これまでの測定データから、ある程度「推定」をしてきましたが、異物が実際になんであるかを、ついに「特定」することになります!
サンプルデータから、既知のリファレンスデータに直接ヒットするなら、物質がなにかを「特定」でき、異物分析としては理想的な結果となります。「特定」が無理なら、「消去法」による「推定」をすることになりますが、推定も大事な結果として報告の1データとなります。
また、「測定不能」・「不明」もひとつの大切な成果です。リファレンスデータにないだけの未知の物質かもしれません。もしかしたら、社長賞クラスの偉大な発見だったりするかもしれませんね。このとき、なにか結果を言わなければいけないと思って、ムリに結果をねじまげないことです。改ざんやウソの証言は、カイゼンの実質的な成果にはなりませんし、もしかしたら、将来の大型クレームや背任罪や懲戒免職などにも関連してくるかもしれません。
「ここまではわかりましたが、ここから先はわかりませんでした」と答えるのが、異物分析の世界では、ある意味100点満点の正解となります。
よっ!工業界の名探偵っ!
【6】レポート作成 : フォーマットを準備。文章力も必要!
異物の写真、表界面写真、測定データ、解析結果、原因、場所・工程、特定した物質の名称と影響等を記載します。クレーム、単なる分析依頼で、それぞれ書式は大きく異なりますから、それぞれに合ったフォーマットを事前に用意しておくとよいでしょう。

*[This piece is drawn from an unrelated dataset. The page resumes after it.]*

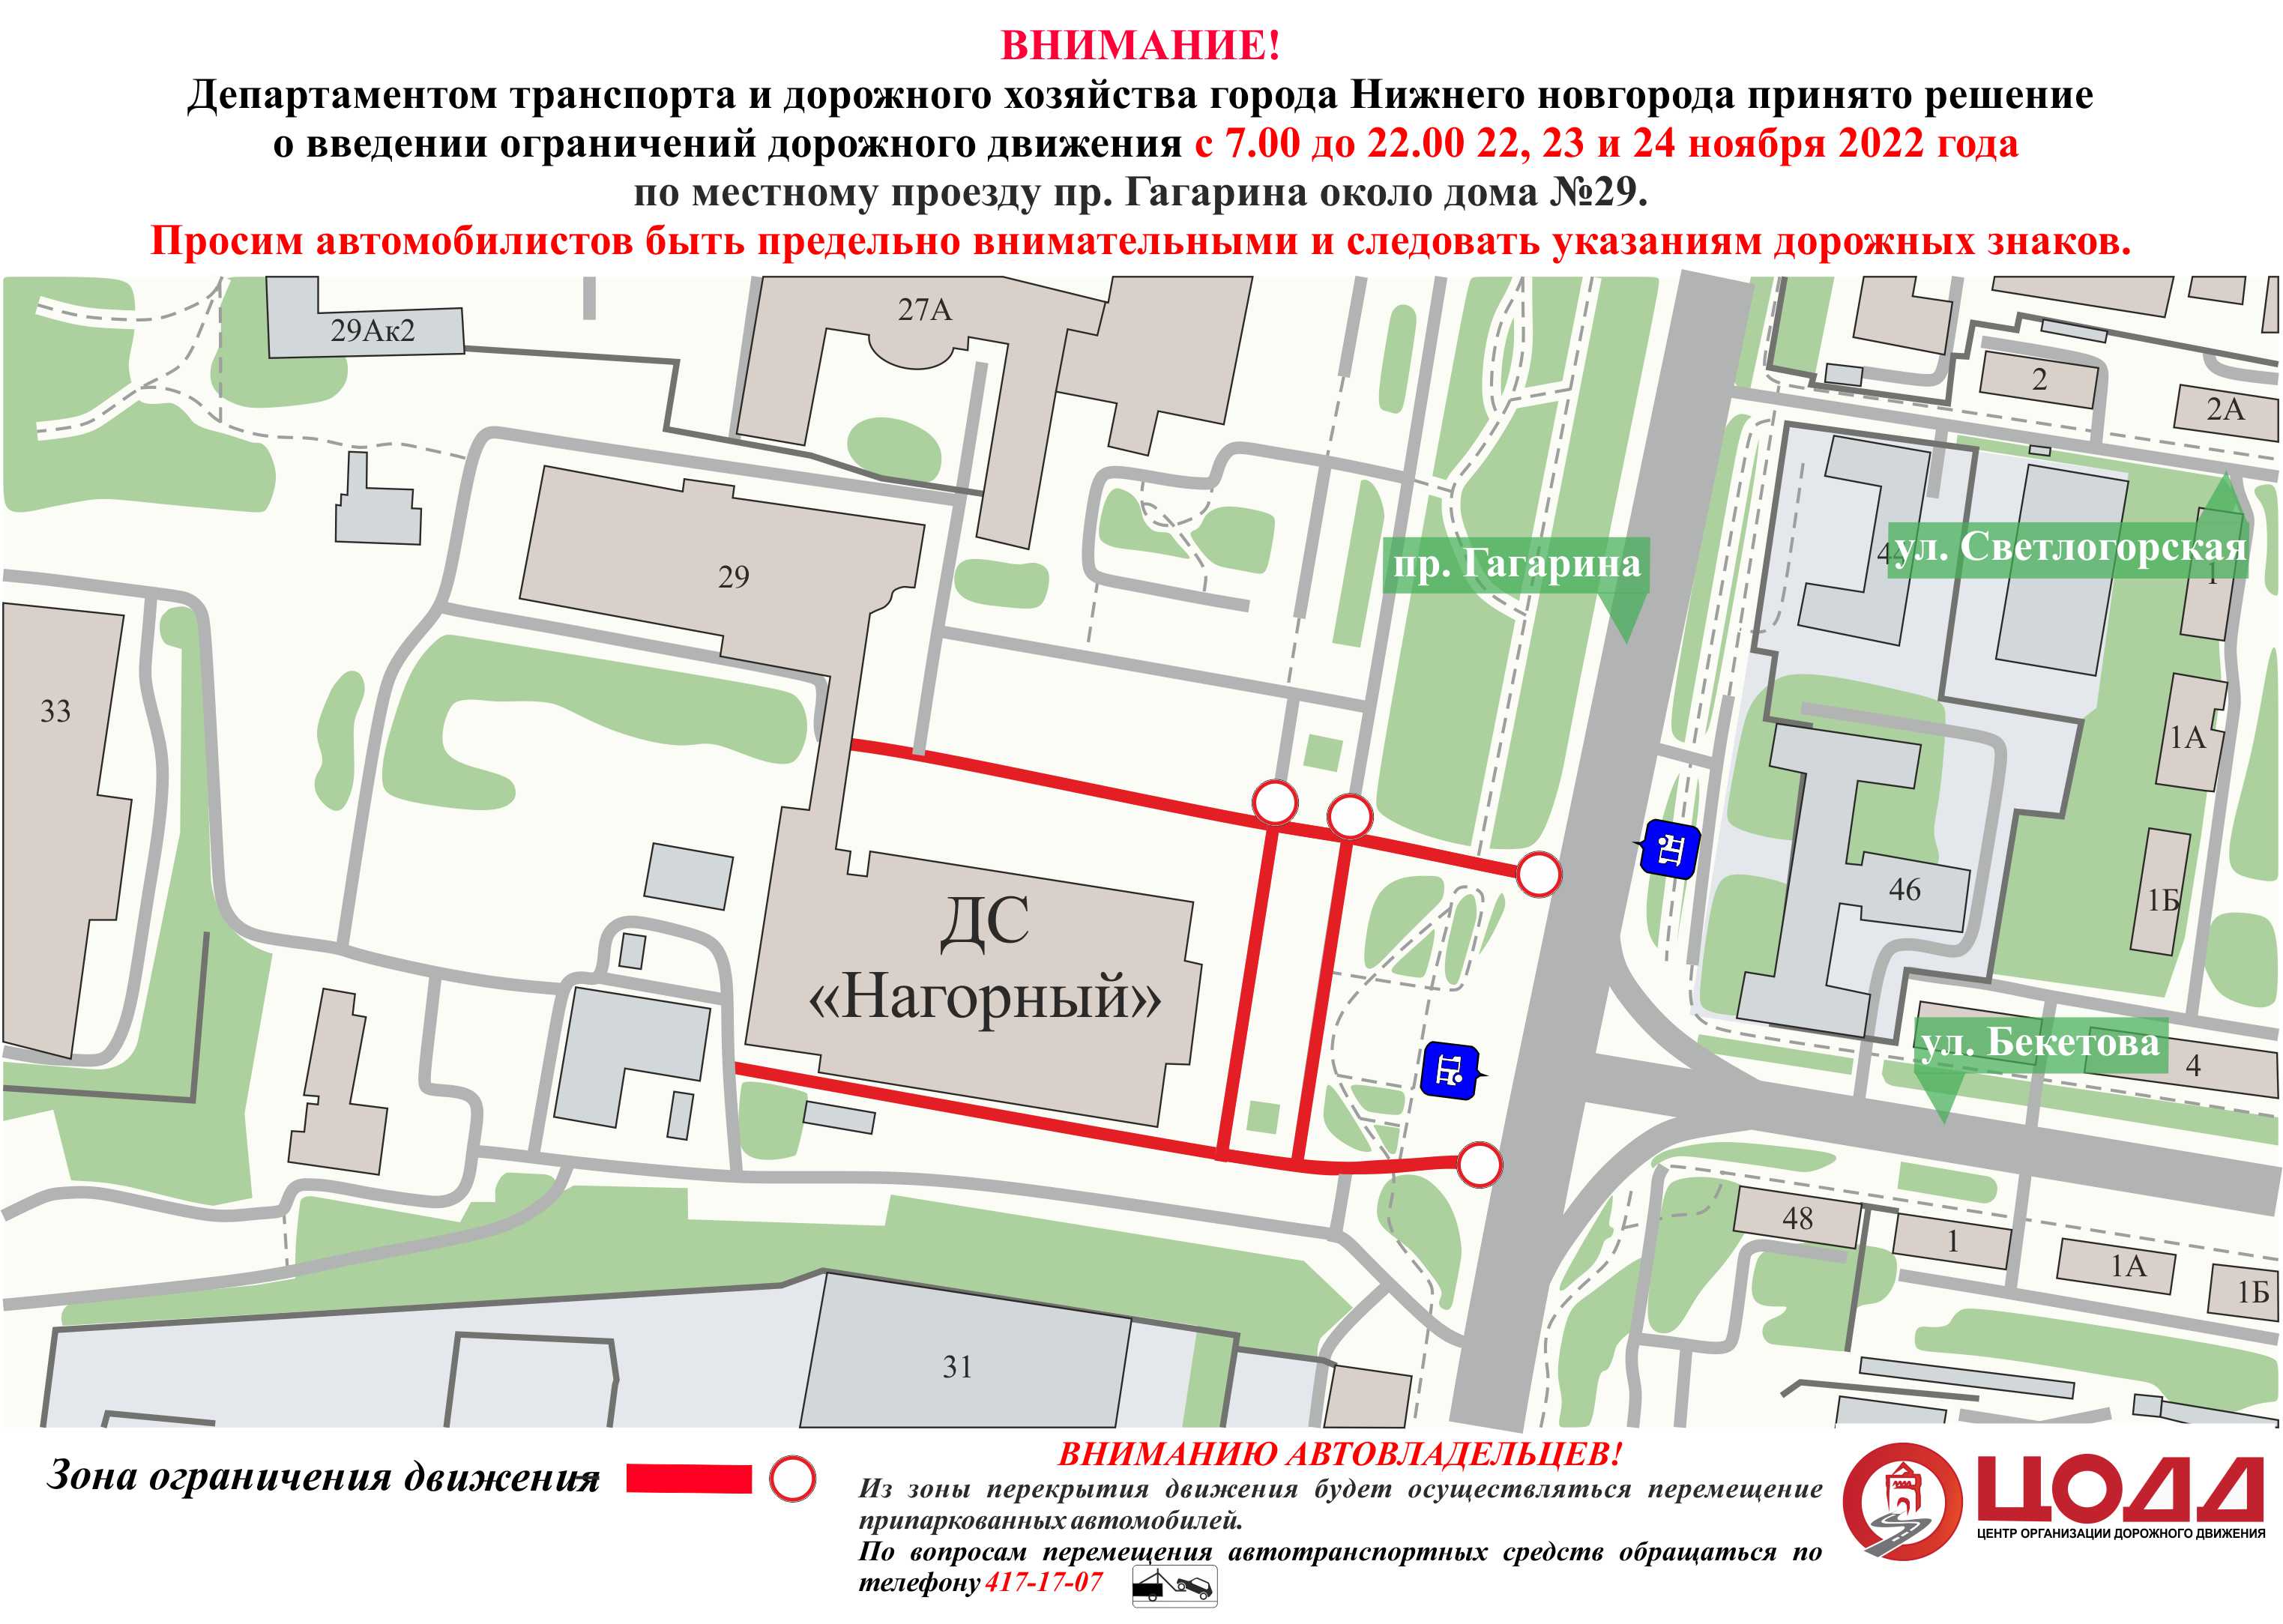 Движение будет ограничено возле Нагорного Дворца спорта в Нижнем Новгороде с 22 ноября
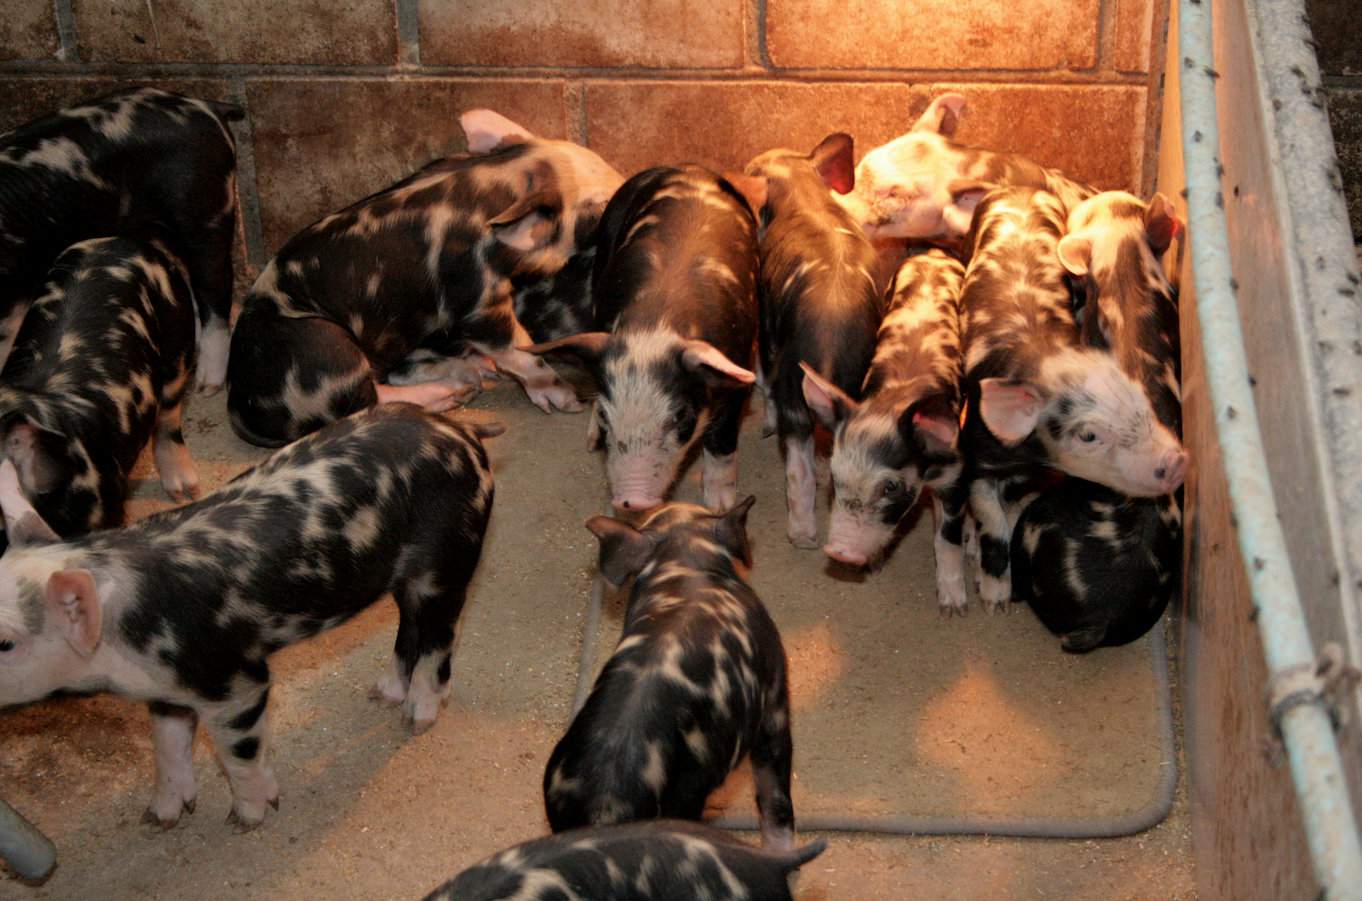 Stada zajmujące się produkcją świń rasy puławskiej są zlokalizowane głównie w województwach lubelskim i mazowieckim

報告書を記載する文章力も必要です。報告時に何をお話しすることになるのかを意識すると自然と手が動きますよ!
クレーマー相手に必要以上の事を記載すると、火に油を注ぐ結果になりかねません。物質が特定できなかったのなら、わかった部分だけデータとその旨記載します。
レポート作成は正直なのが最も大事で、ウソの記載や改ざん等は決してしてはいけません。上記5同様、嘘を塗り重ねて破滅しかねません。後々のカイゼンのためにも、正直が一番です。
【7】口頭報告 : 上司やお客様にクチで伝えてこその異物分析!
場合によっては、営業部員に同行して消費者や得意先へ、異物分析やカイゼンのプロとしての「口頭説明」も必要な場合があります。理工系出身の多い品質管理部門の者といえど、話術は鍛えておきましょう。
「人と話すのはどうも苦手」だべさ!、、とか、通用しない仕事内容だんべ?
これから「AI新時代」がきます!
「話術」などの人間力を鍛え上げてビジネス界で今後も生き残りましょう!
皆さんは、あくまで異物分析のプロ・品質管理部員ですから、ハッタリや嘘だけはNGです。事実のみを、ありのままに述べるに留めましょうね。気の利いた営業トークやハッタリは、営業マンのビジネス領域です。
「異物分析」について、他にも知りたい方は?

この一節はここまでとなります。